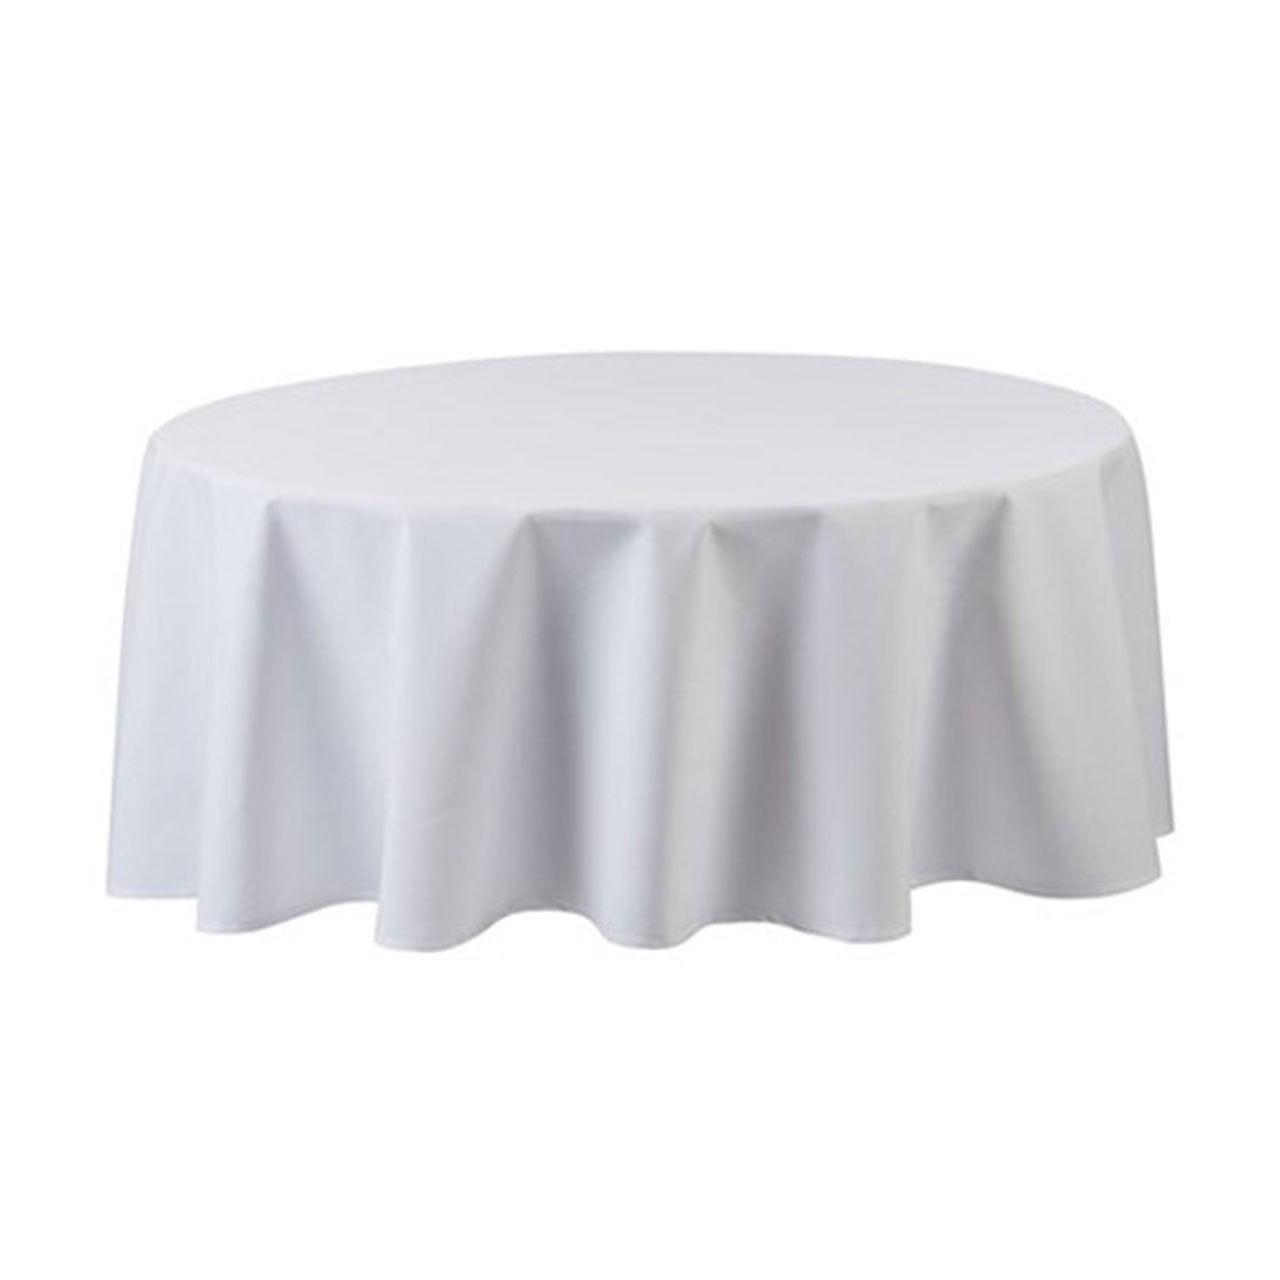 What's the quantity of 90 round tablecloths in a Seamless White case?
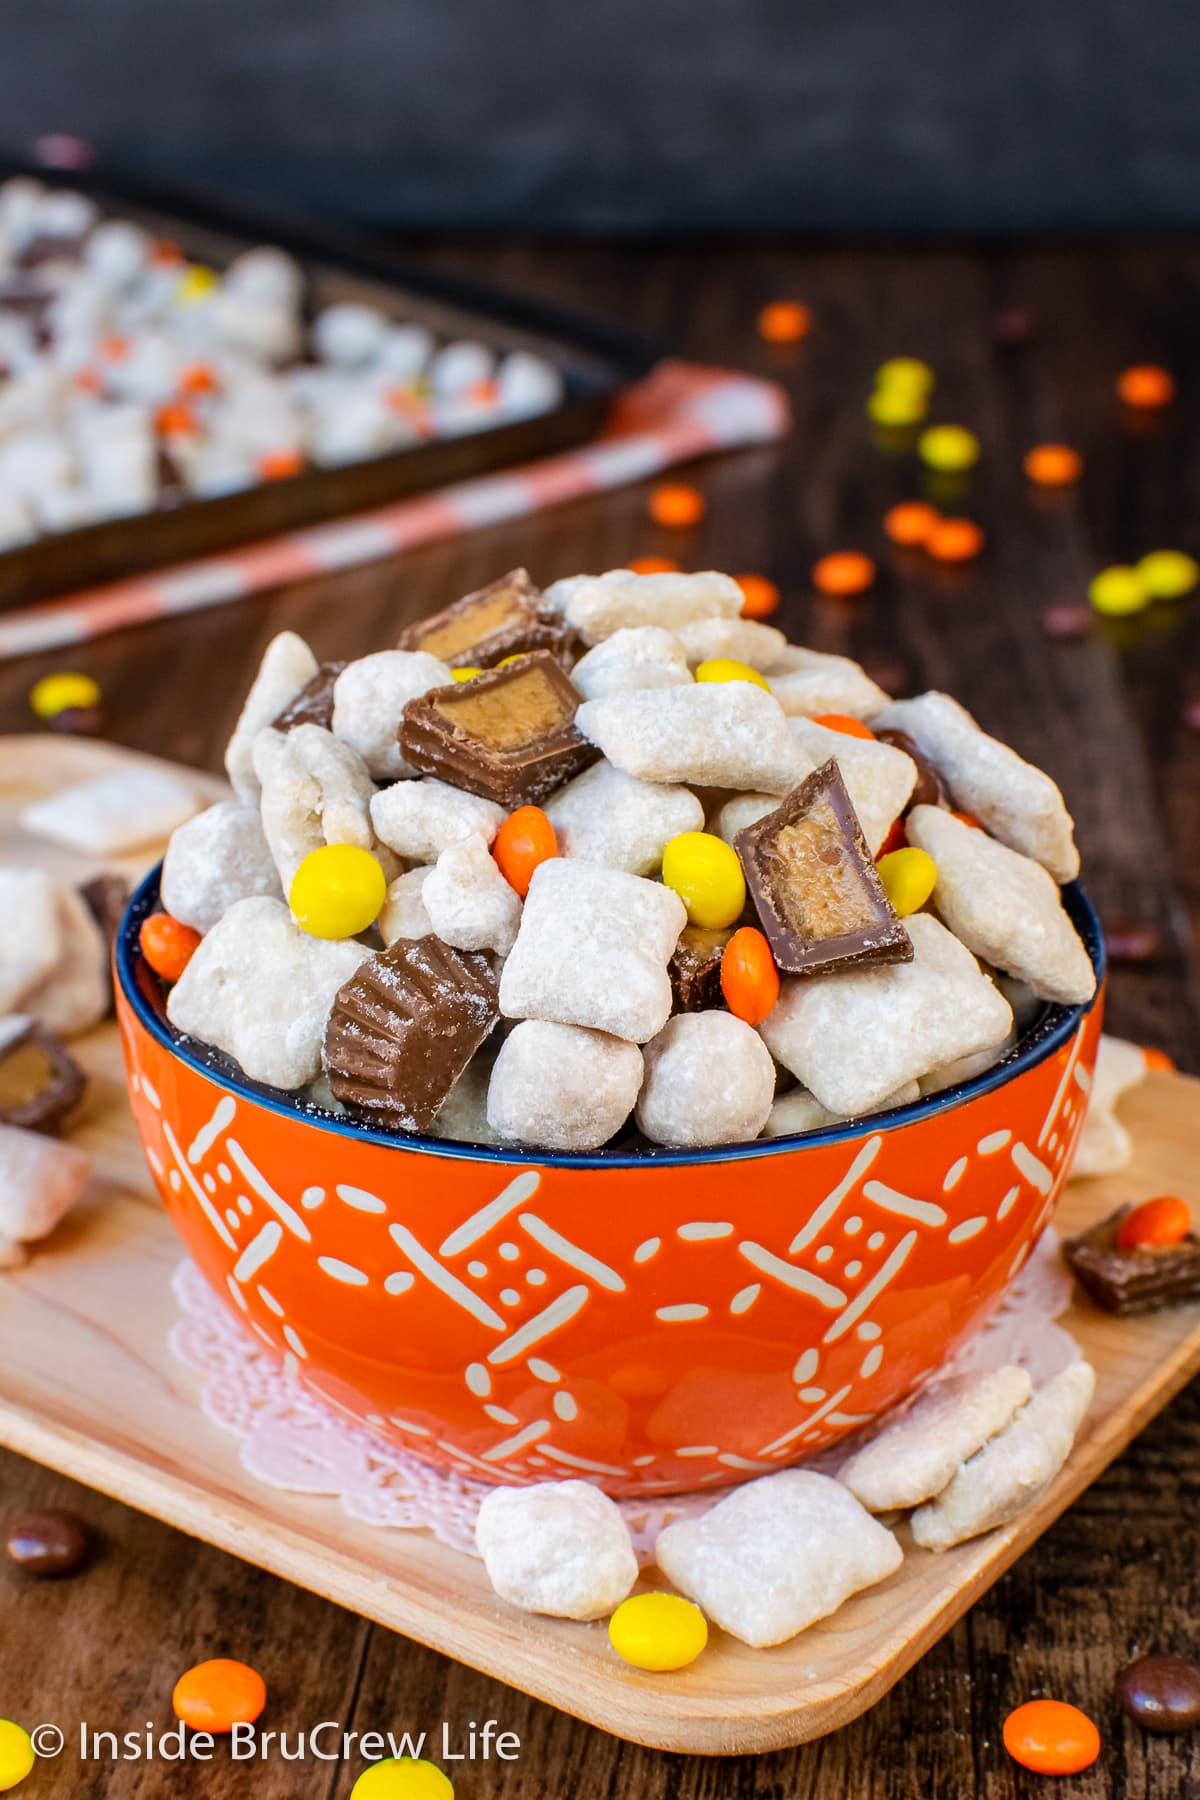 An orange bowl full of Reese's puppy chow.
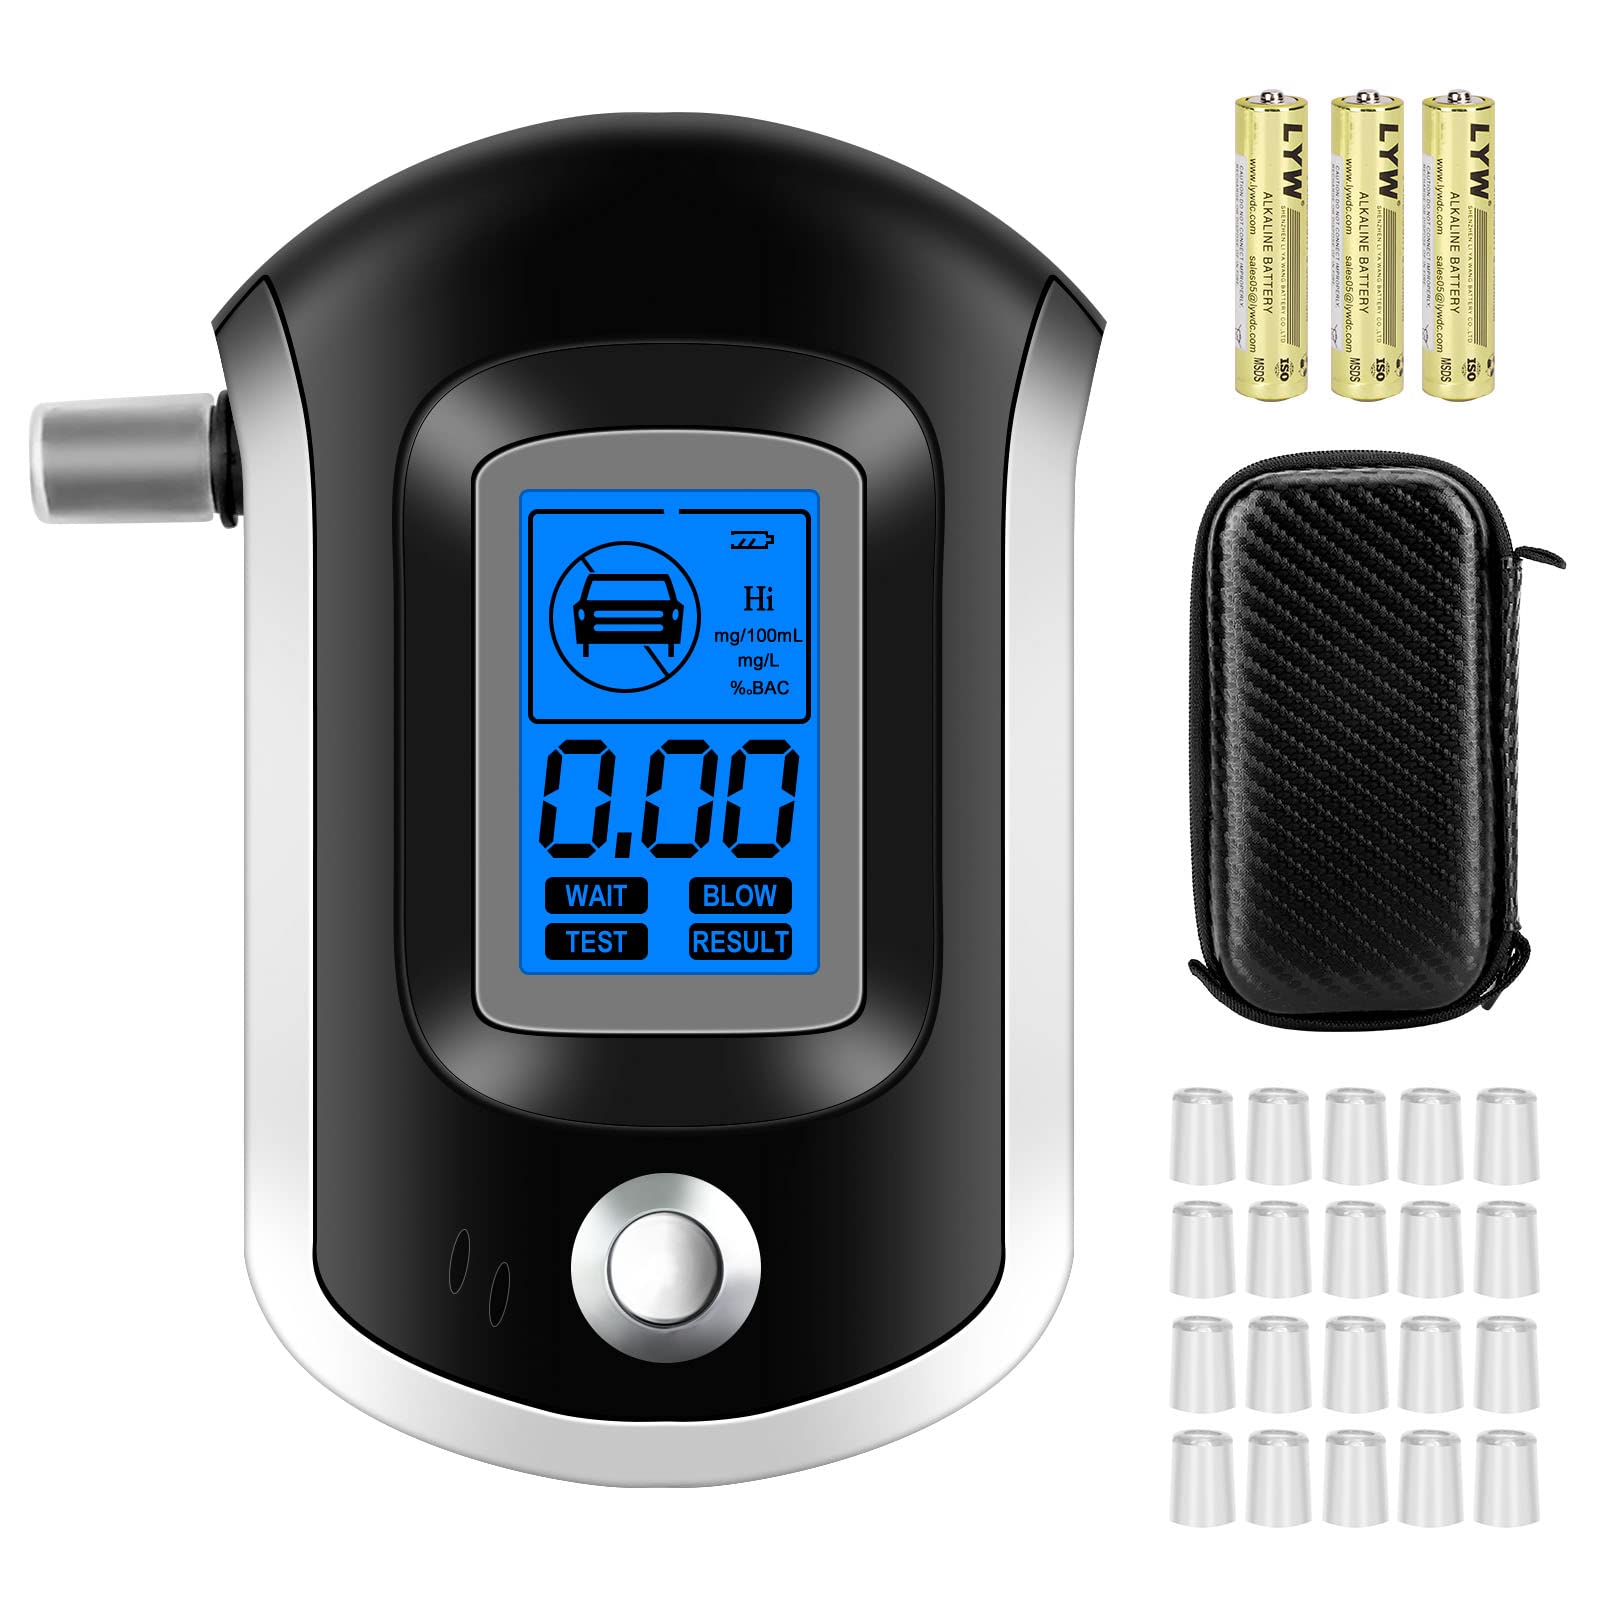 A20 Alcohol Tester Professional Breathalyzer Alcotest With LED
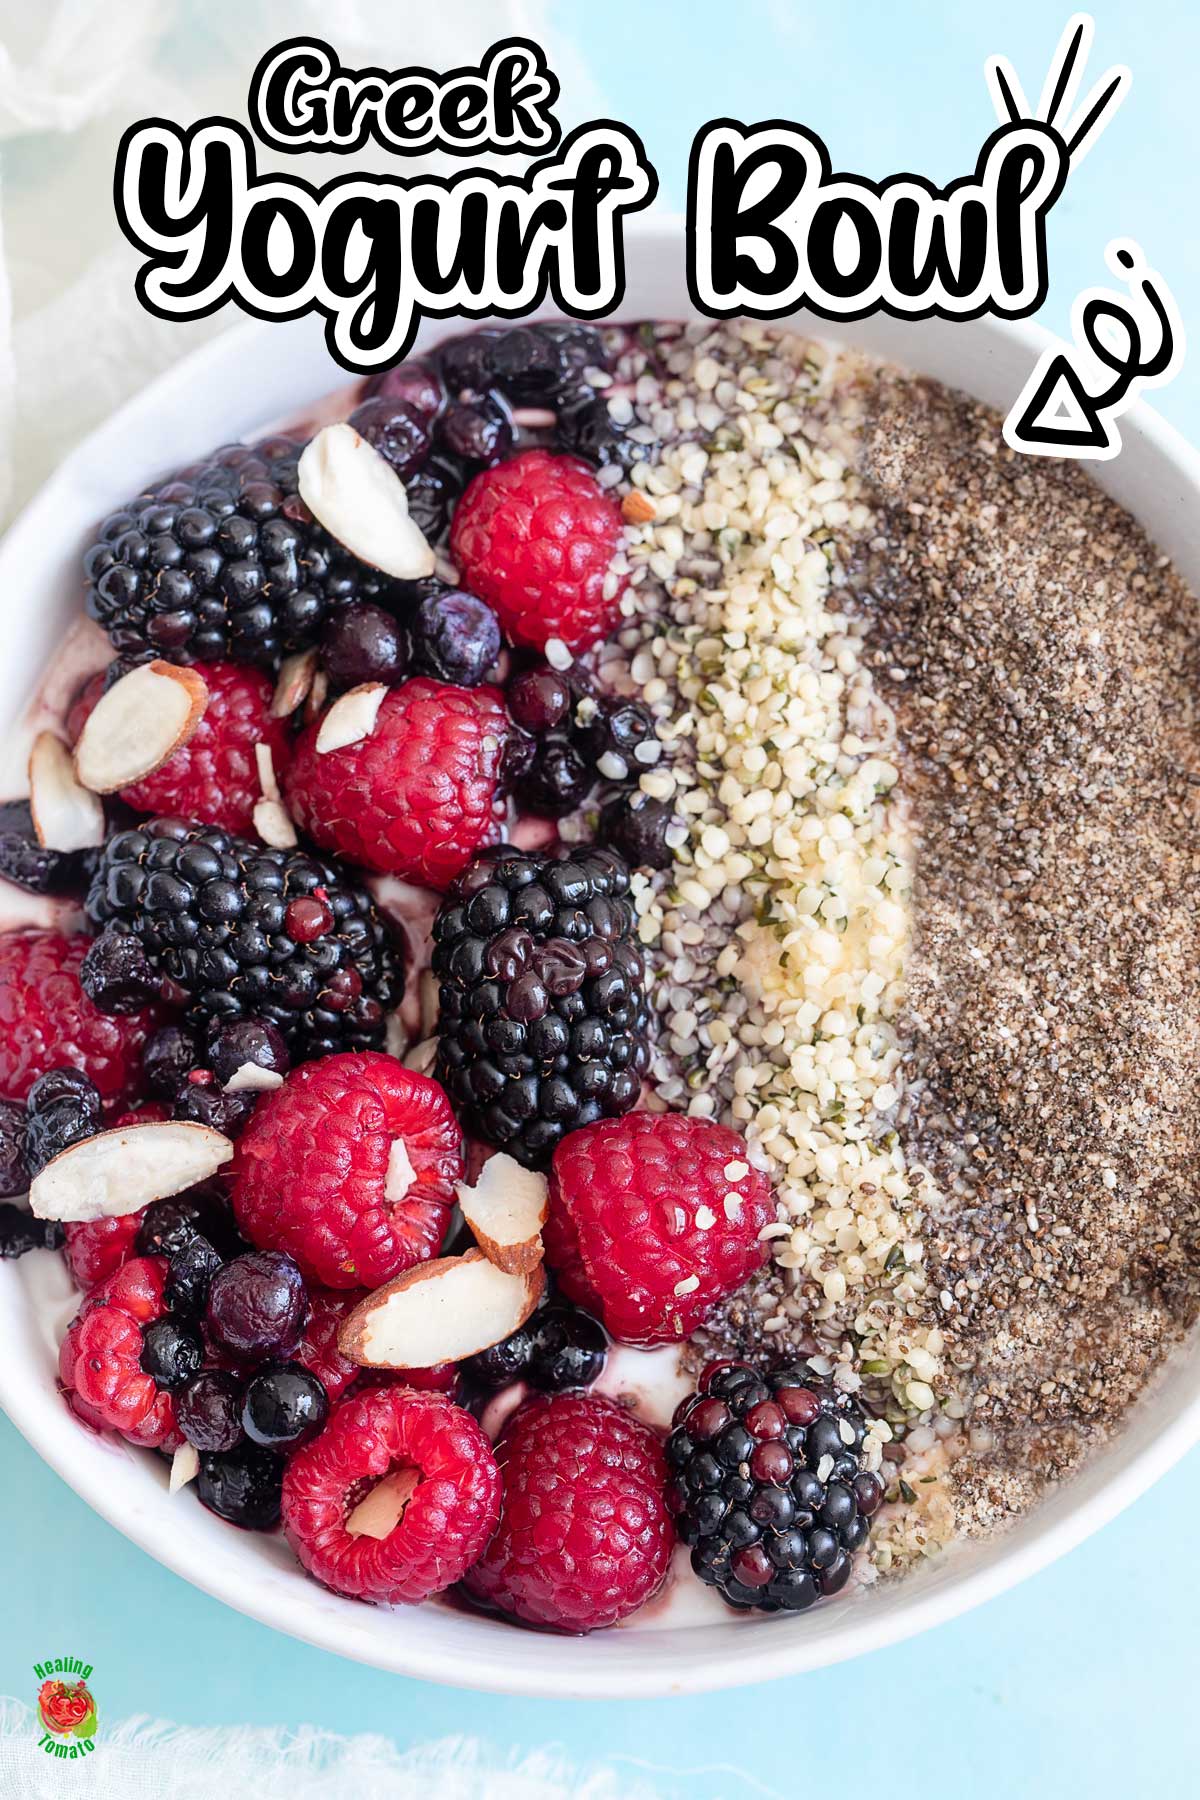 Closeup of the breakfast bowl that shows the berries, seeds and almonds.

- Task to carry out -
No pictures belong in the answer; copy all other parts of the listing exactly.

- Answer to this problem -
 What's the quantity of 90 round tablecloths in a Seamless White case?
 An orange bowl full of Reese's puppy chow.
 A20 Alcohol Tester Professional Breathalyzer Alcotest With LED
 Closeup of the breakfast bowl that shows the berries, seeds and almonds.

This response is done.